Voltei e comigo trouxe algumas histórias e mtas imagens que já comecei a publicar.
Bjs
TD
Acho que se acabou a tinta, temos de fazer um peditório pela confederação, esta mana anda mesmo cábula!
Também me farto de lhe pedir o livro, mas acho que só existem umas páginas secretas.
Não sei porque lhe faltará a inspiração, agora numa fase tão bonita, penso eu, não será, escrevi?
Ela não escreve, escrevemos nós.
O LIVRO...
O LIVRO...
O LIVRO...
Beijinhos à irmandade, :-)
Aquém tu o dizes, o estupor do ecrã, por vezes, teima em ficar em branco.
Um beijo. Augusto
Poucas vezes me acontece ficar sem palavras.
Como “politico” que sou, sou igualmente “aldrabão”; não que queira, mas pouca gente aceita a verdade. Hoje Dulce, deixaste-me ficar sem palavras.
Mais do que ler, senti.
Senti as tuas palavras escritas, senti para alem das letras, senti o som da alma, se é que isto faz sentido.
(tão balalão – cabeça de cão - orelhas de gato - não tem coração) Mas não é o teu caso, coração é o que te sobra.

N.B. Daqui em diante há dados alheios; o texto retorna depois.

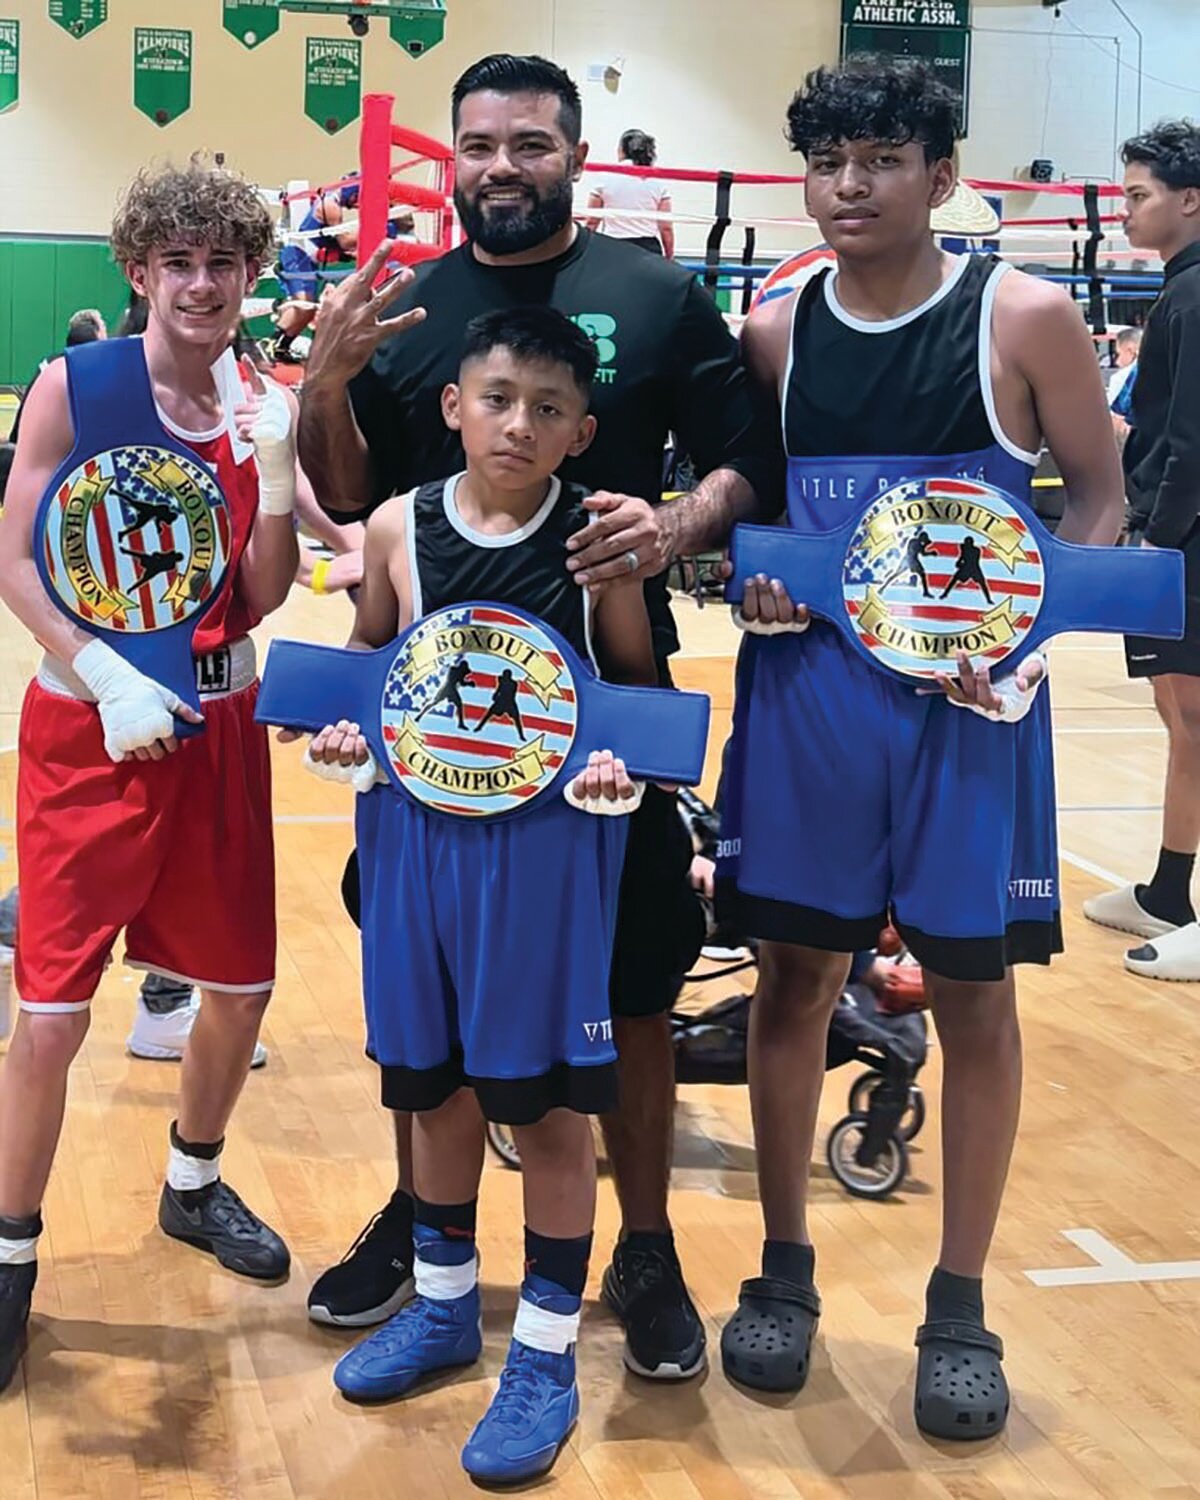 On Saturday, March 23rd, three of our athletes participated in the USA Boxing Lake Placid BOXOFF. Pictured left is Dyllyn Heasley with his 5th consecutive win. Bottom center is Dylan Sanchez Hernandez and top row center is Head Coach Manuel Sanchez. On the right is Jacob Chavez.. All the three athletes secured a unanimous decision win over their opponents and won the BOXOFF Championship belt in their respective divisions. [Courtesy photo]

“Tanta coisa que podemos dizer, e tão pouca podemos contar” só por si, este teu pensamento entrará por certo nas expressões de todos nós, os mais sensíveis, os que vivem, porque no mundo vivem pessoas maravilhosas como tu.
Não, hoje não te envio “beijitos” hoje envio-te um Grande Beijo.